What the task asks: Retype each line below precisely and omit all images.

Data block:

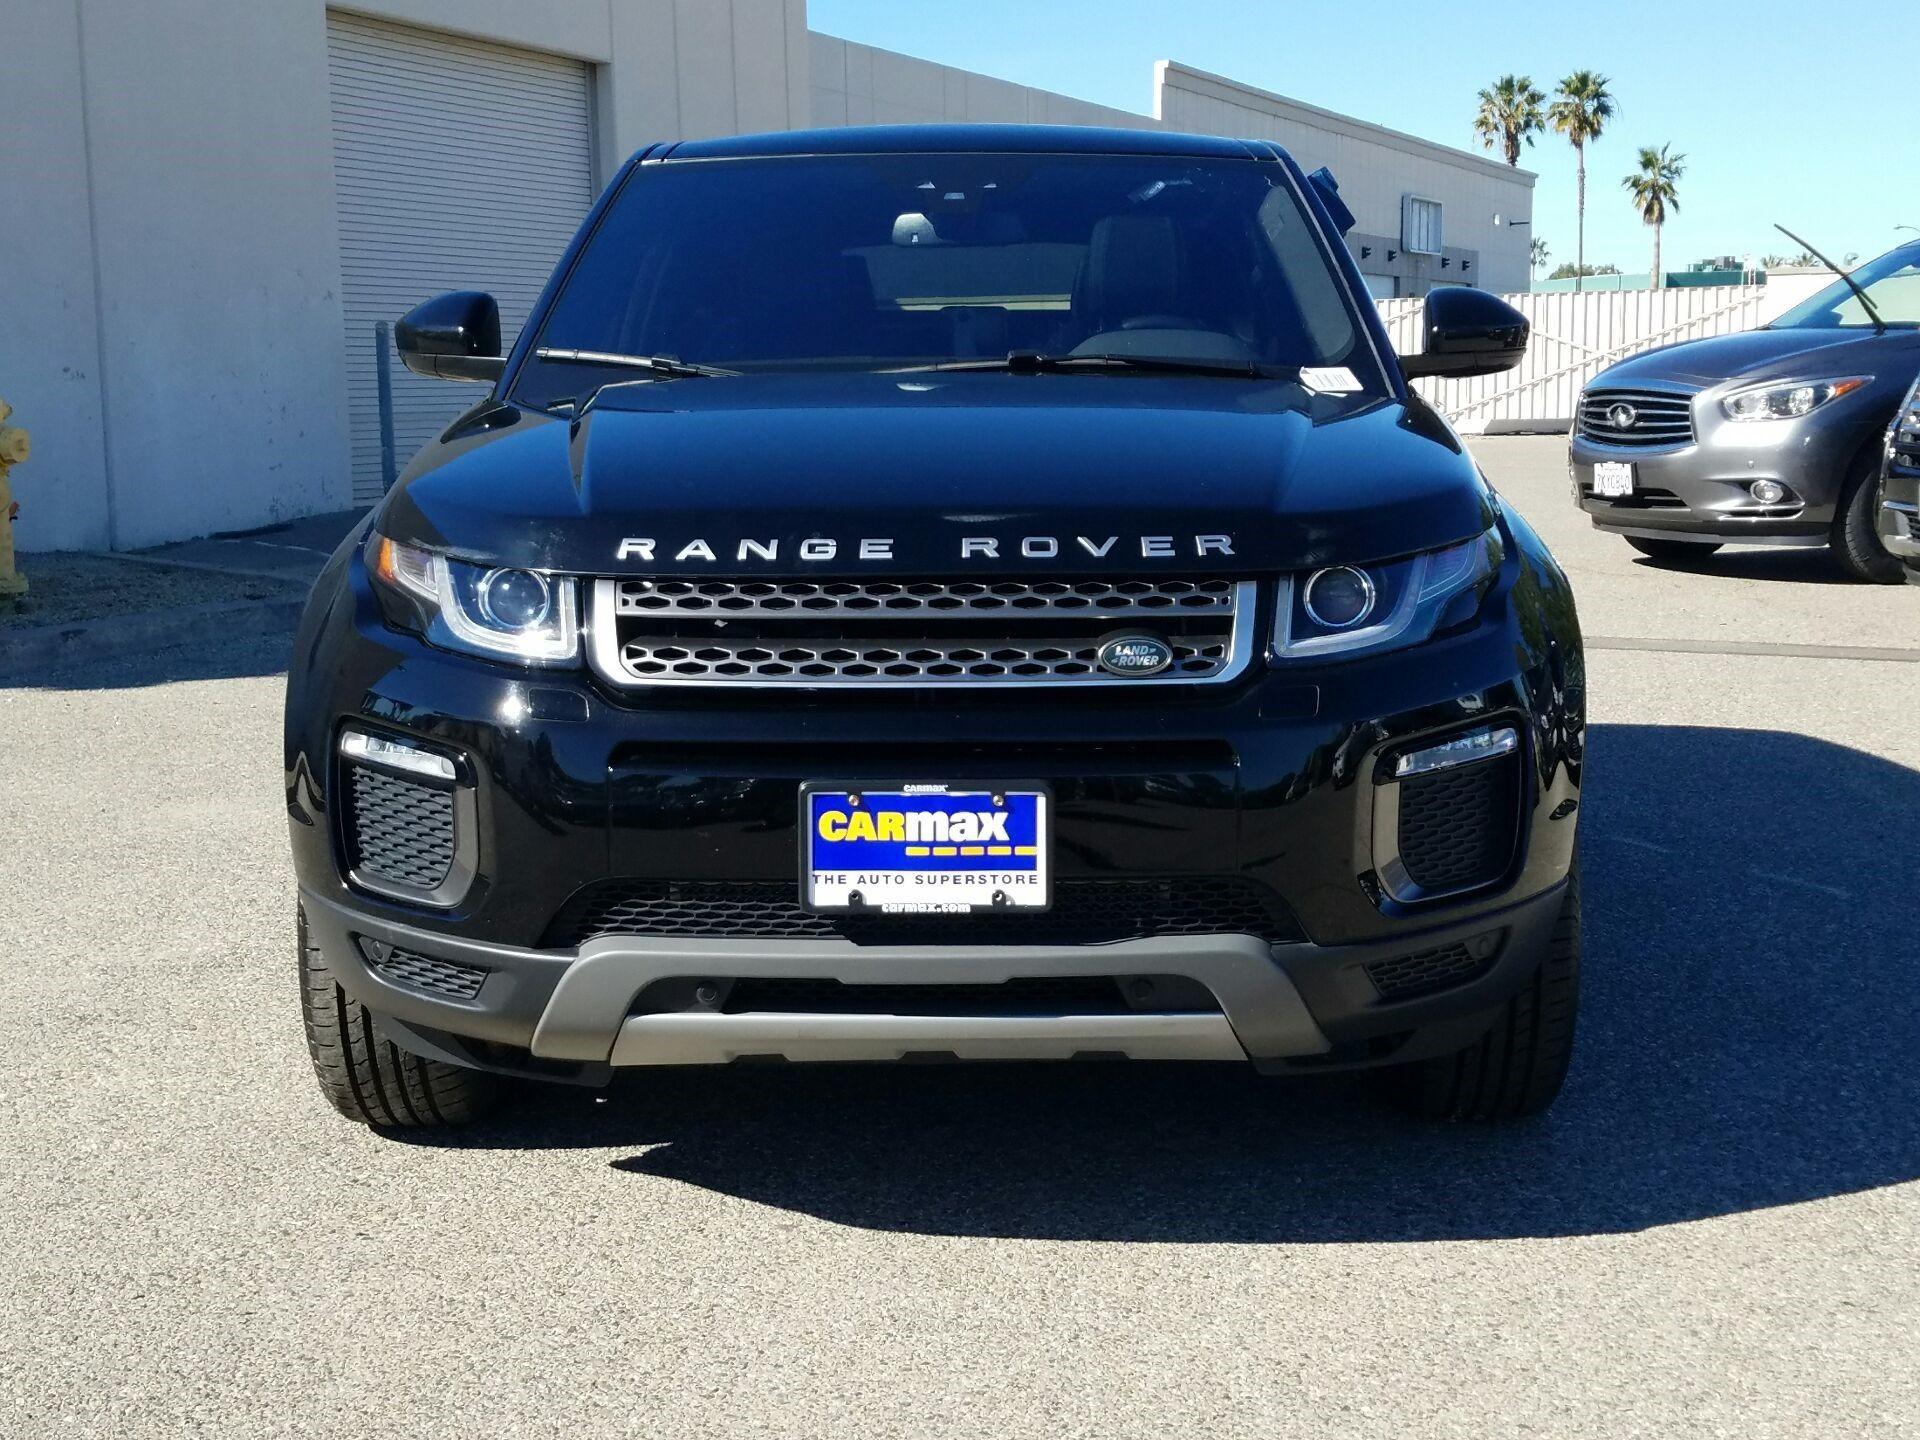 Used 2017 Land Rover Range Rover Evoque In Fresno California Carmax Range Rover Evoque Land Rover Range Rover
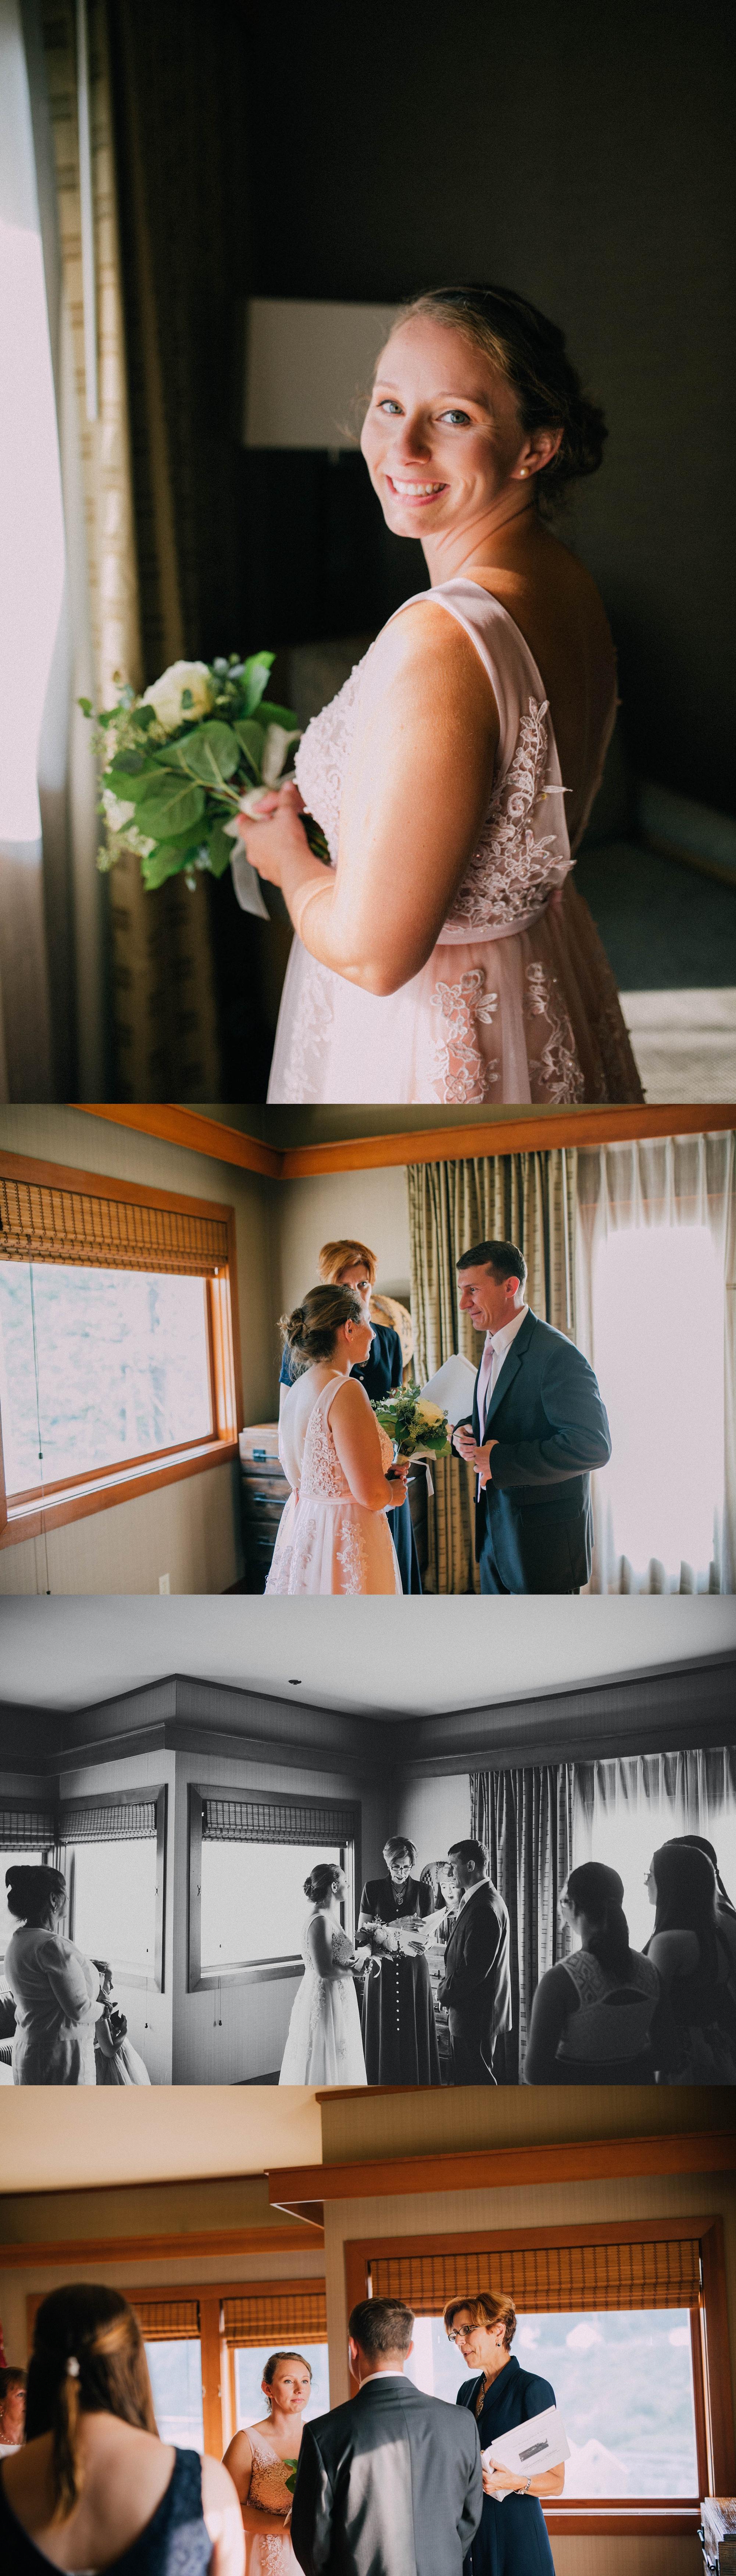 ashley_vos_seattle_ wedding_photographer_0481.jpg
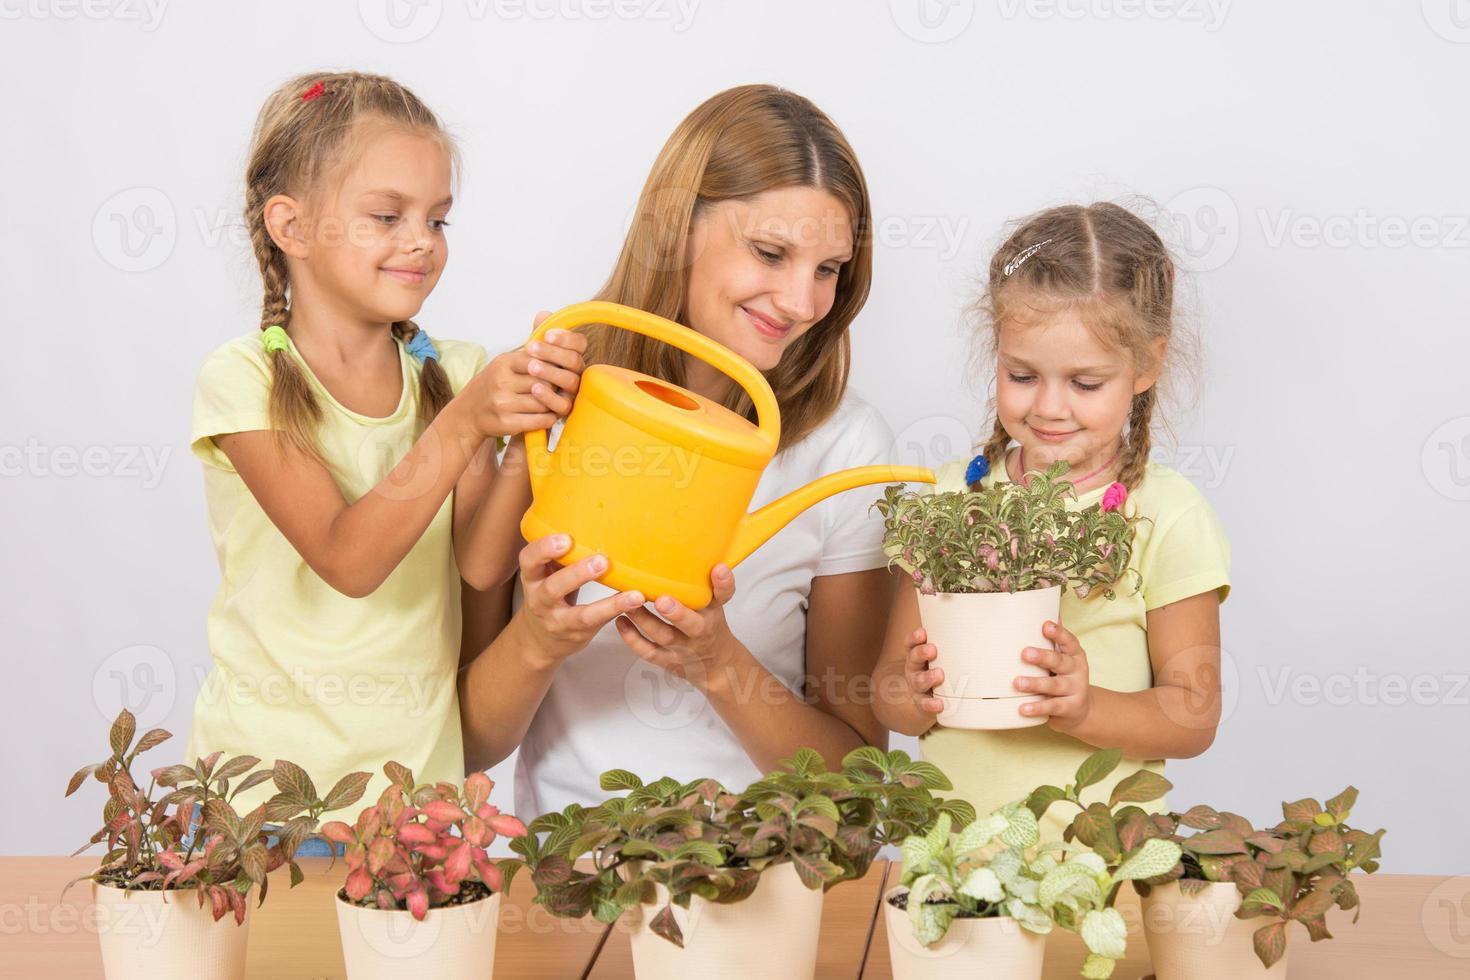 madre e hijos felices regando flores foto
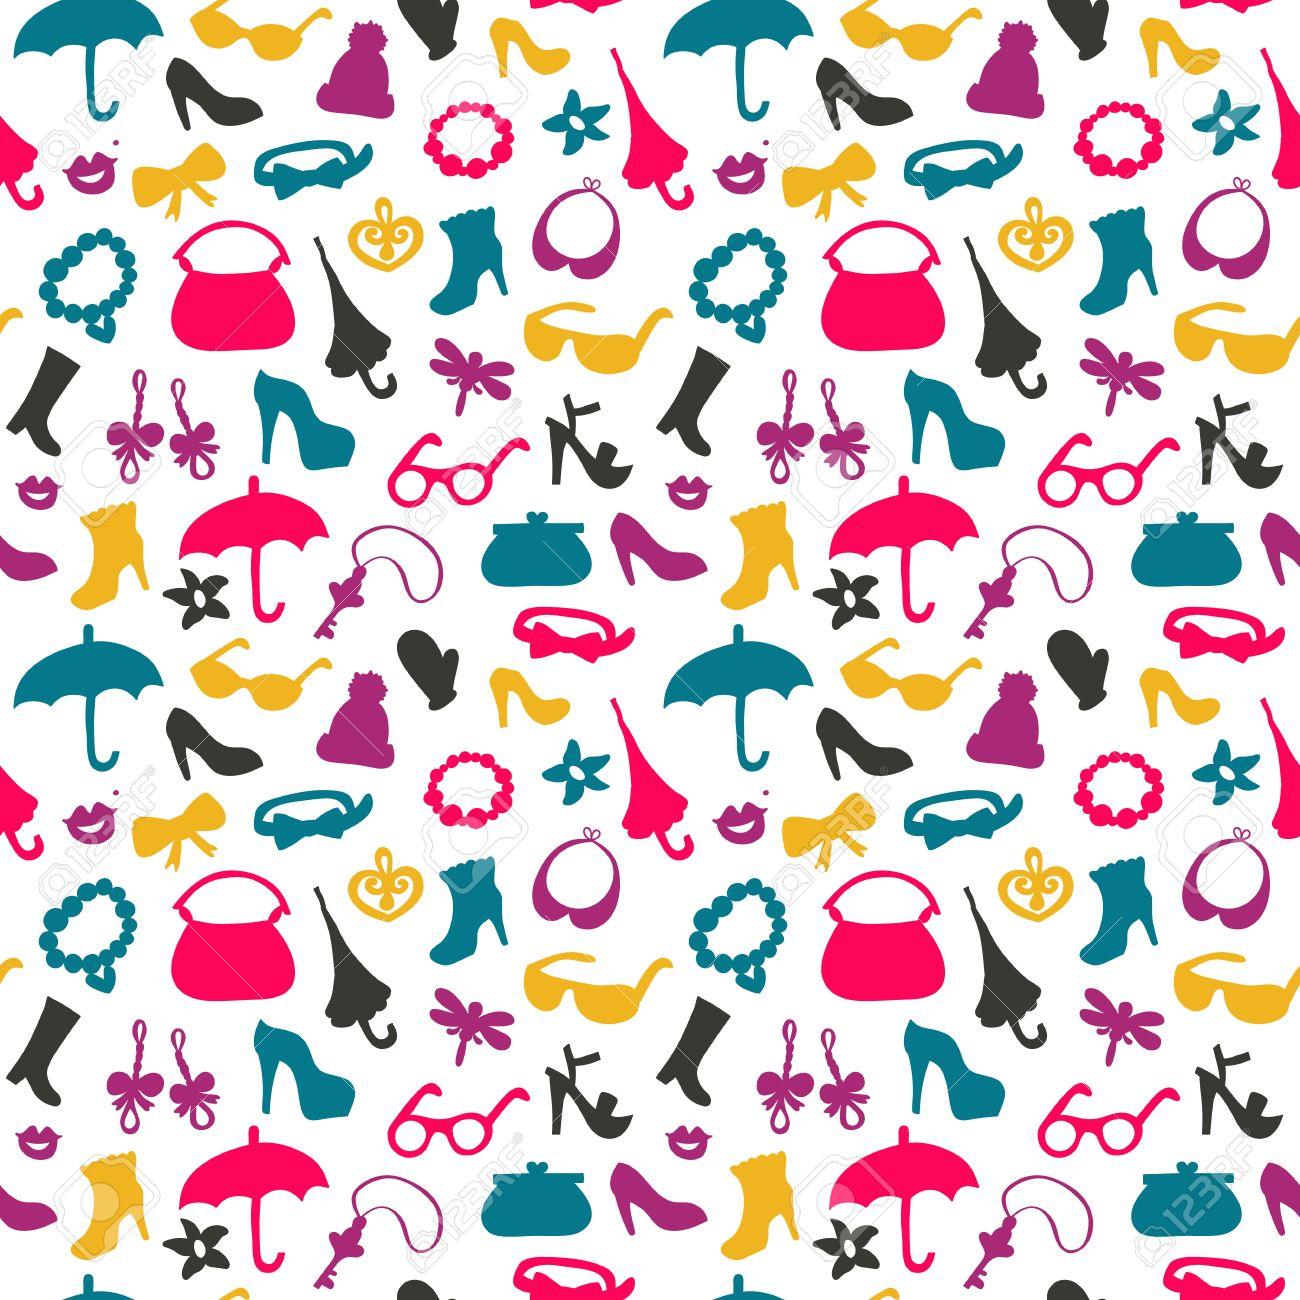 Background Of Women Accessories Textures For Wallpaper Fills

Solved problem:
 Used 2017 Land Rover Range Rover Evoque In Fresno California Carmax Range Rover Evoque Land Rover Range Rover
 ashley_vos_seattle_ wedding_photographer_0481.jpg
 madre e hijos felices regando flores foto
 Background Of Women Accessories Textures For Wallpaper Fills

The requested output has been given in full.